# Attention

## Motivation

Seq2seq models face a challenge that the entire representation of the encoded sequence must be captured in a single vector. That encoding represents the concept of the source sequence as a whole. 
All of the rich information in the source sequence must be captured in this "information bottleneck", making it likely that some detail will be lost.

For a task such as translation, which a seq2seq model could tackle, this can make things difficult. The encoding gives you an idea of what the output should represent, but there are often many ways that the source could be translated, and getting a word-to-word translation can be difficult after everything has been summarised.

The typical and intuitive explanation here is that a human translator does not read the whole source sentence, memorise it, and then translate it. Instead, they read the whole thing to get an idea of what the translation needs to represent, and then they translate it part by part, looking back at the source sentence to translate a few words at a time. They are primed with the concept that the translation needs to represent, but they need to pay attention to parts of the source sequence as they perform decide the next word in the translated output.

## What's the result of this?

Vanilla seq2seq models tend to be able to perform well on short sequences, where the information can be "memorised" within just a single vector, but perform worse on longer sequences.

## The Attention Mechanism

We can mathematically define an "attention mechanism".
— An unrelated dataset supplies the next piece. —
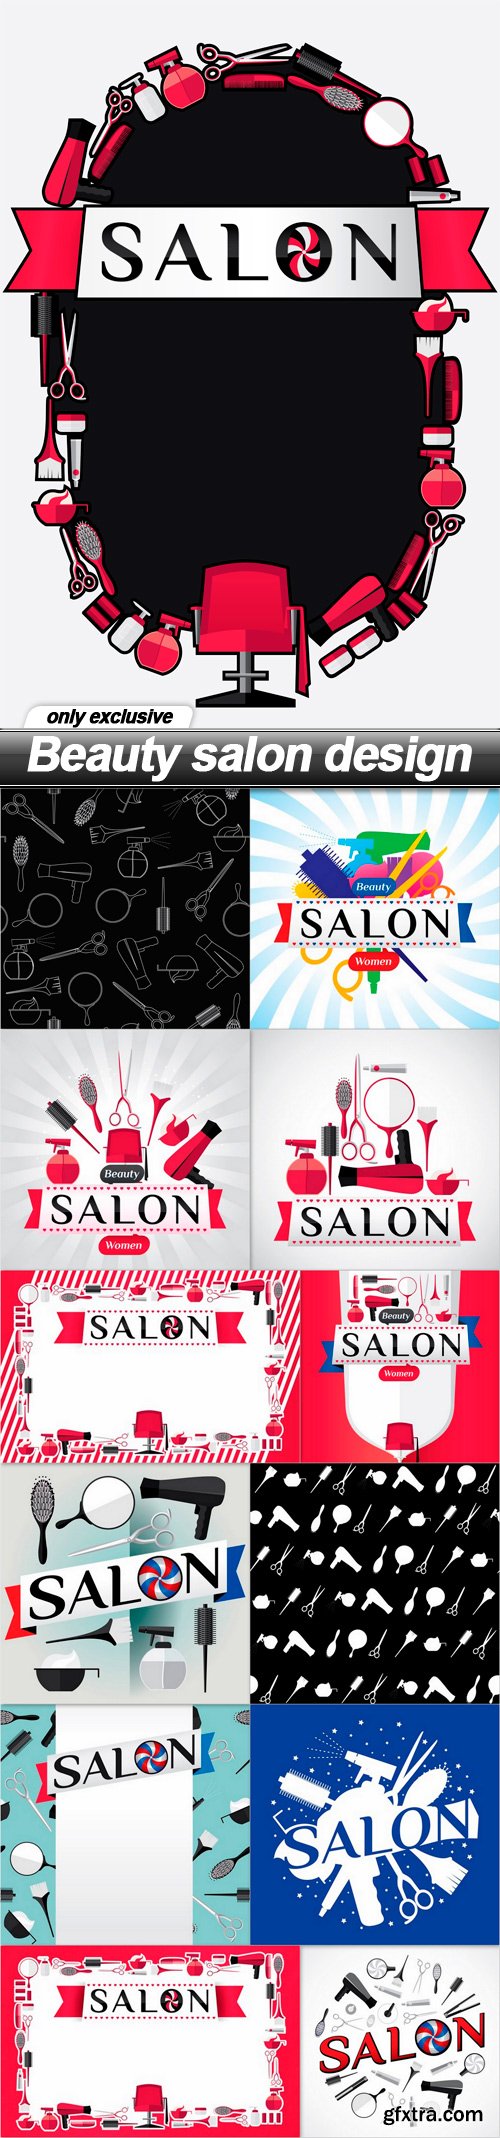 Beauty salon design - 13 EPS
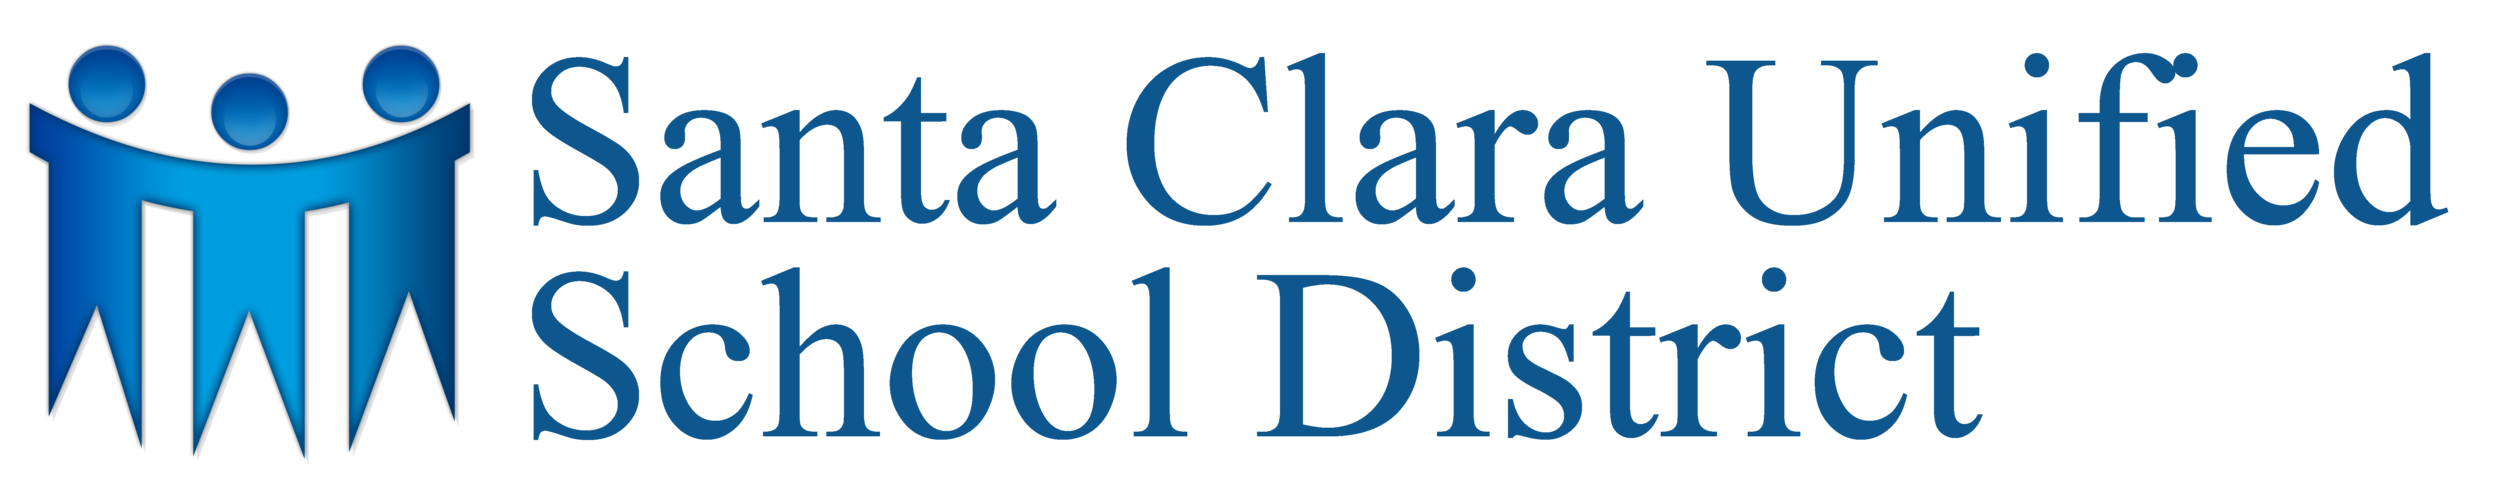 Santa Clara Unified School District.png

Overall, it looks like this:

![attention mechanism](../images/RNN%20Seq2seq%20Attention.gif)

#### Questions
- Why do we need the decoder RNN?
    - Different languages so makes sense to have different parameterisations
- Why not also attend to different parts of the decoded sequence
    - Great idea - we will get to that in self-attention

- As long as the decoder contains enough information to tell it where to look back to, then it can grab more information as and when it needs it, instead of wasting effort carrying it throughout.

### The Attention Score

You've only got a limited amount of attention.
But you can pay a different percentage of our attention to each word. 
The most attention we could pay to a word is 100%, and the least is 0%. 
Or 1.0 and 0.0 as proportions.

So we could give each word a number between 0 and 1 which represents the proportion of our attention we give that word.
We call this number $\alpha_t$.


$\alpha$ is a vector of the attention paid to each part of the input.

# $\alpha = \begin{bmatrix} \alpha_1 \\ \vdots \\ \alpha_t \\ \vdots \\ \alpha_T \end{bmatrix}$

In the case of translation, $\alpha$ has as many elements as the source sentence has tokens.

# $\alpha_t \in \R^T$

This is the distribution of our attention paid to each input token.


### How do we calculate the attention score?

Because the attention score is a distribution, it can be computed by applying the softmax function to a vector of logits, $e$. Those logits should have larger values where more attention should be paid.

# $\alpha_t = softmax(e)$

> The logits that are softmaxed to compute the attention distribution are also known as the alignment scores.

In [4]:
import torch
import torch.nn.functional as F

logits = torch.tensor([12, -1, 0.4, 5, 2])
attention_distribution = F.softmax(logits, dim=0)


So how do we compute those attention logits (the alignment scores)?

Intuitively, it would make sense that the attention that should be paid to one word is a function of what we think about the output translation so far, and what we think about that word in the context of the input.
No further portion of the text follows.